The Skeleton Tower Task

The Skeleton Tower (A rather Halloweeny name, don't you think?) is a tower built of cubes in a pyramid fashion, with 4 stair steps extending from the center of the tower. In a tower that is 6 cubes high, there are 66 cubes altogether.

A tower 3 cubes high contains 15 cubes.

A tower 4 cubes high contains 28 cubes.

A tower 5 cubes high contains 45 cubes. 

The following table helped me in determining the number of cubes for each level. The highlighted portion was completed using mathematical equations only, without actually counting the cubes in a pyramid. 

Height	Cubes in all	Looking for Patterns
10	190	9 x 4 = 36 +1=37             *10x 19 = 190 153+37=190
9	153	8 x 4= 32 +1 = 33           *9 x 17= 153 33+ 120= 153
8	120	7 x 4=28 +1=29              *8 x 15= 120 91+29= 120
7	91	6 x 4=24 +1=25               *7 x 13= 91 66+25= 91
6	66	66-6=60          66-45=21 (the height x 4 +1) 60/4=15
5	45	45-5=40          45-28=17 (the height x 4 +1) 40/4=10
4	28	28-4=24          28-15=13 (the height x 4 +1) 24/4=6
3	15	15-3=12         15-6= 9 (the height x 4 +1) 12/4=3
2	6	6-2=4 4/4=1

The question now is whether or not there can be an equation to find the number of cubes in the pyramid at N cubes high. 

I noticed the pattern with an asterisk next to it in the table above. Obviously, 6 x 11 is 66. Initially, I thought the multiplication was just counting up odd numbers. Then I realized that 6 x 2 = 12, 7 x 2= 14, 9 x 2= 18, etc. So I wondered if I took N, multiplied it by 2, subtracted 1, then multiplied it by itself....would I get a correct answer? 

That would be [(N x 2)-1] x N.

Let's see if it is true if used for N = 4: 

[(4 x 2) - 1] x 4= [(8)-1] x 4= 7 x 4 = 28 (It works here, yay!) 

Now N= 10

[(10 x 2)-1] x 10= [(20)-1] x 10 = 19 x 10= 190 (Yay again!)

Using the table, I was able to identify patterns that would help formulate an equation to solve the problem. Oddly enough, the pattern that helped the most was just a side note when I noticed that all of the numbers in the not highlighted section were multiples of the height in cubes. 

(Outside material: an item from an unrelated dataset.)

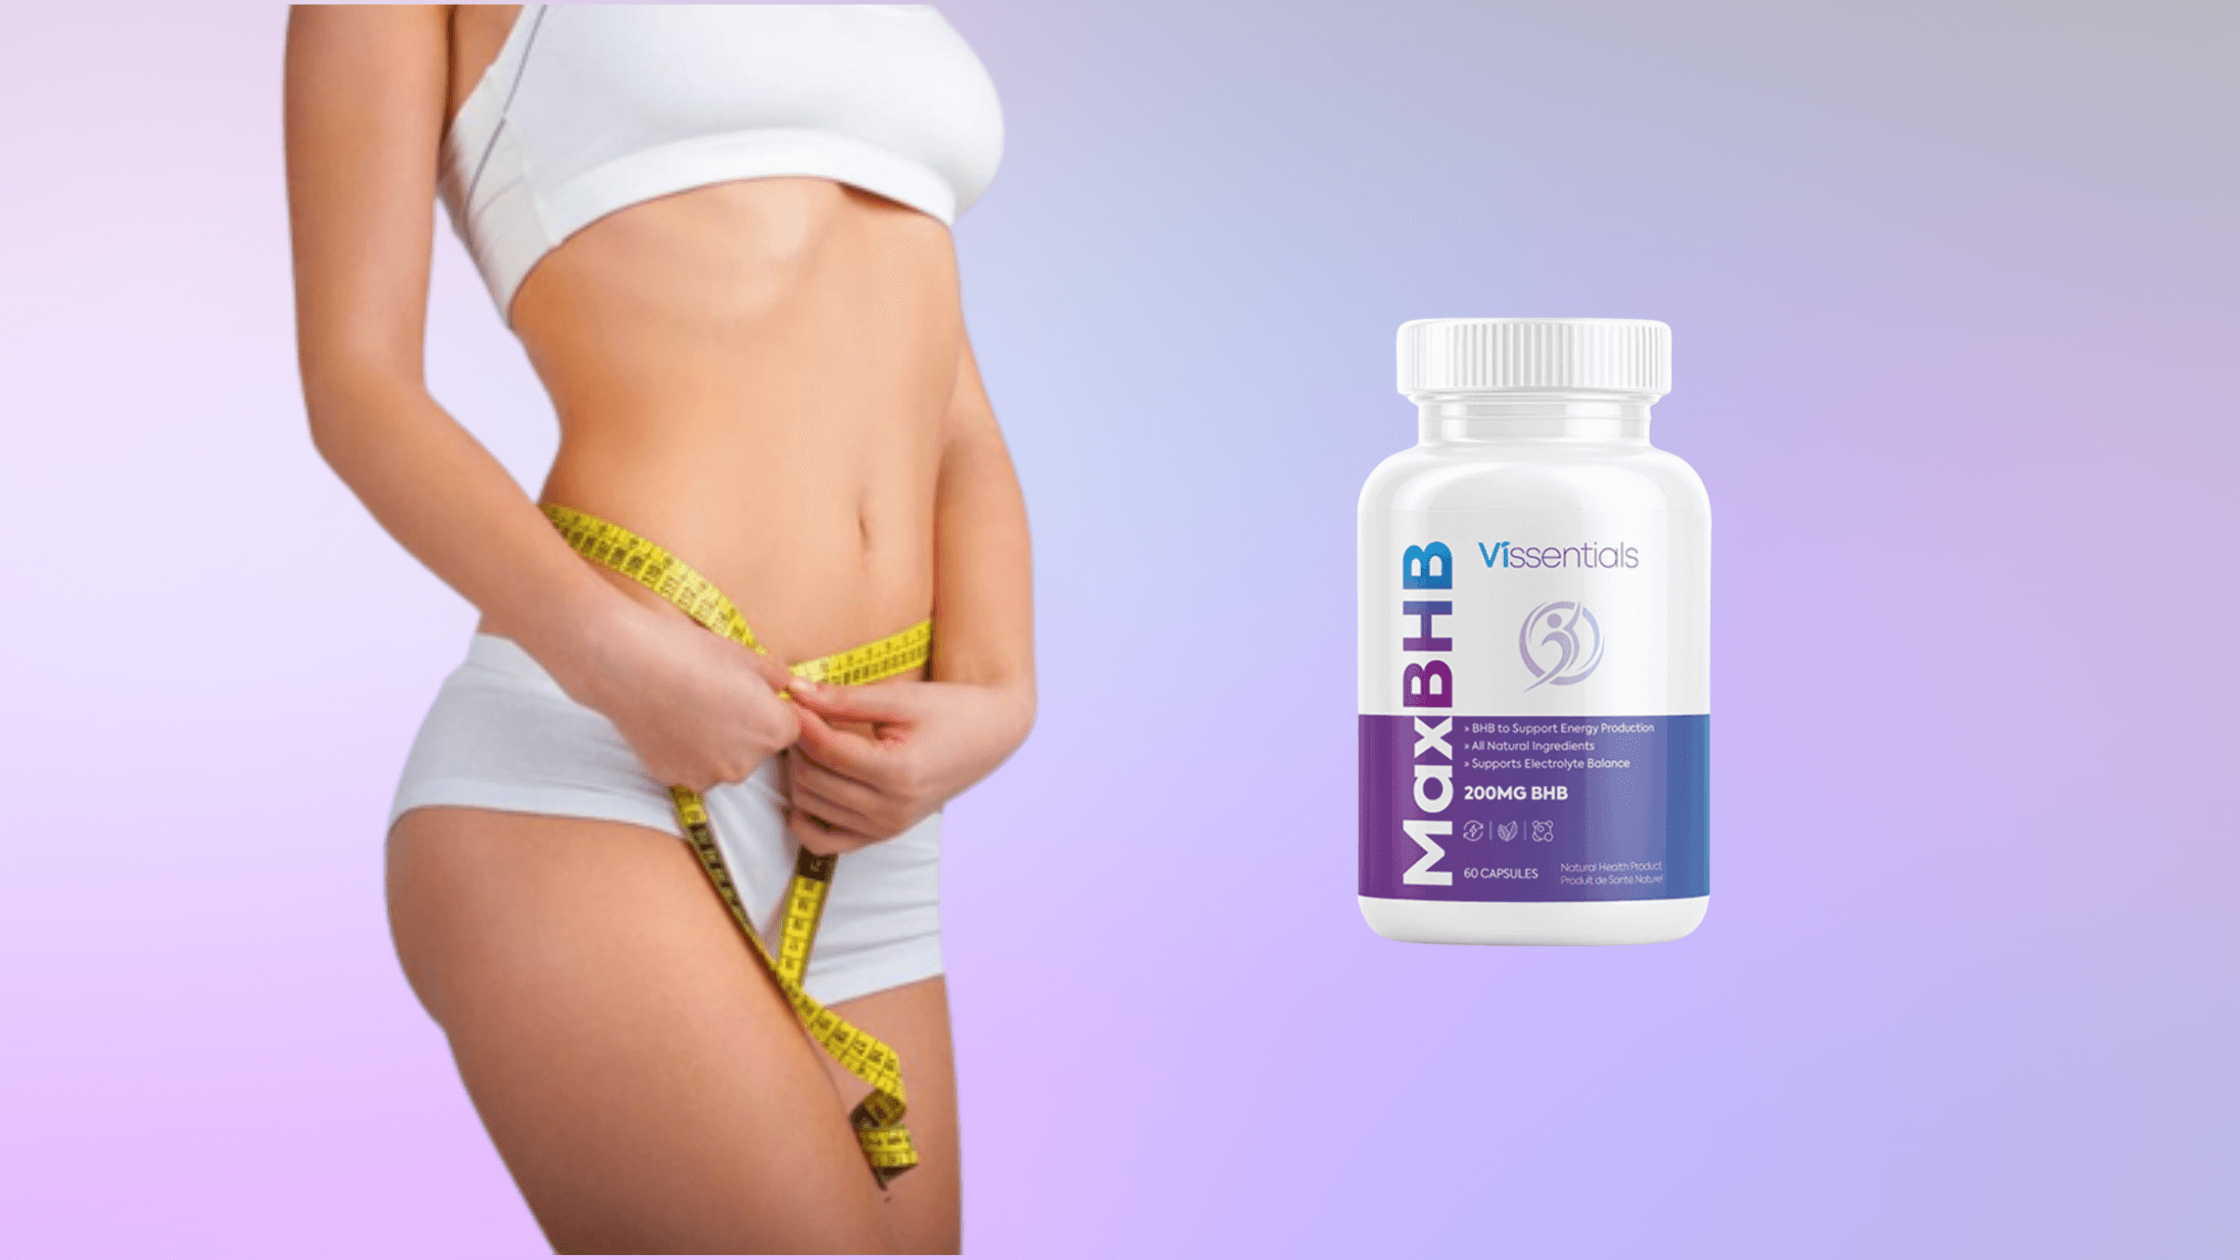 Vissentials Max BHB - Weight Loss Reviews Benefits Price & Results?

Chicken Nuggets Task...Otherwise known as 'Now I am Hungry'

McDonald's sells chicken nuggets in boxes of 6, 9, or 20. Obviously one could purchase exactly 15 nuggets by buying a box of 6 and a box of 9. Using only combinations of boxes of 6, 9, and/or 20 nuggets:

Could you purchase exactly 17 nuggets?
     No, because two boxes of 6 would result in 12. Two boxes of 9 would result in 18, which is too much. A box of 6 and a box of 9 is already noted at a total of 15 nuggets.

How would you purchase exactly 53 nuggets?
   

What is the largest number for which it is impossible to purchase exactly that number of nuggets? 

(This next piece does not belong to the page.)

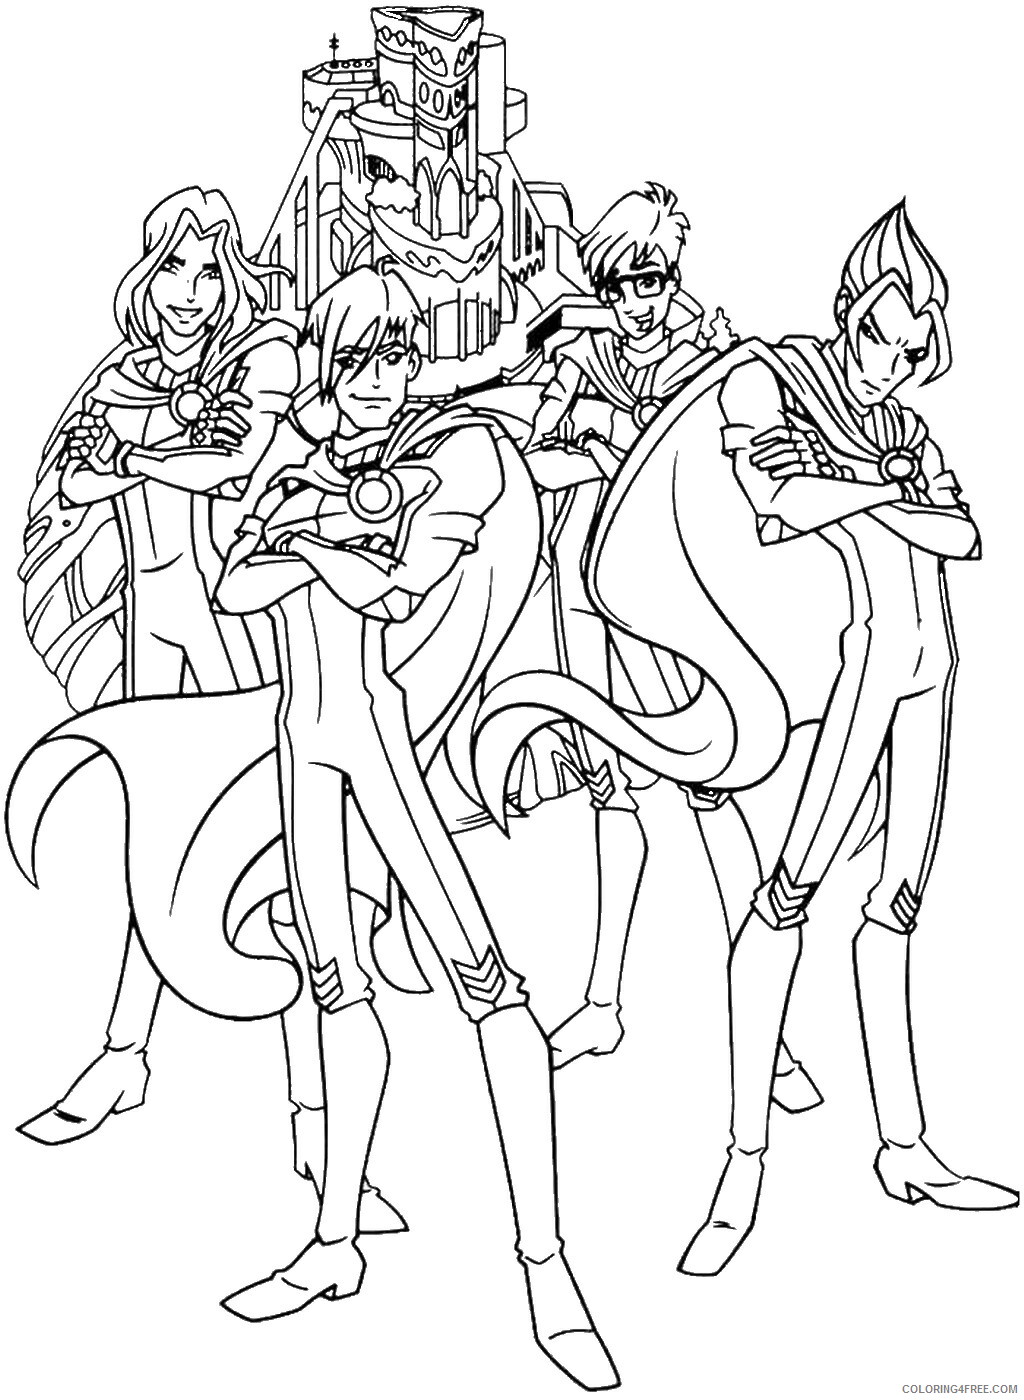 Winx Coloring Pages TV Film winx_cl_33 Printable 2020 11392 Coloring4free

     This question is difficult to explain, as numbers are infinite. I think the most important point here is that the number obviously cannot be prime, as that would eliminate the divisibility of it by 6, 9 and/ or 20. I did notice that continuing from 53 all the way to 100 resulted in some form of divisibility by the three numbers combined. Once I realized this, I went backwards to see if maybe that largest number was below 53. 

52: 2 boxes of 20, 2 boxes of 6

51: 1 box of 9, 7 boxes of 6

50: 1 box of 20, 5 boxes of 6

49: 2 boxes of 20, 1 box of 9

48: 2 boxes of 9, 5 boxes of 6

47: 1 box of 20, 3 boxes of 9

46: 2 boxes of 20, 1 box of 6

45: 5 boxes of 9

44: 1 box of 20, 4 boxes of 6

43: Hm. I am stumped here!  Perhaps the answer to this question is 43?

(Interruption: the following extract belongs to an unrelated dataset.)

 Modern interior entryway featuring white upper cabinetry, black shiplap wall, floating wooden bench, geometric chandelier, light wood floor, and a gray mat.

Let's say you could only buy the nuggets in boxes of 7, 11, and 17. What is the largest number for which it is impossible to purchase exactly that number of nuggets? 

   To figure this out, I looked to see if there was a pattern for the above numbers. It is possible that I am not thinking about this 'mathematically' enough, however I can't seem to determine a formula or pattern to finding 43 as the number above. The best I could come up with is using a hundreds chart, I marked out all numbers divisible by 7 (in black). I kept going with the chart, marking out every 11th, 7th, or 17th number from one that was already eliminated. The highest number I have not marked out is 37. 

In closing, there must be a more mathematically sound method of solving this problem that I have not yet discovered. As it stands, I feel fairly confident that I figured out the solution....albeit in a rather elementary fashion.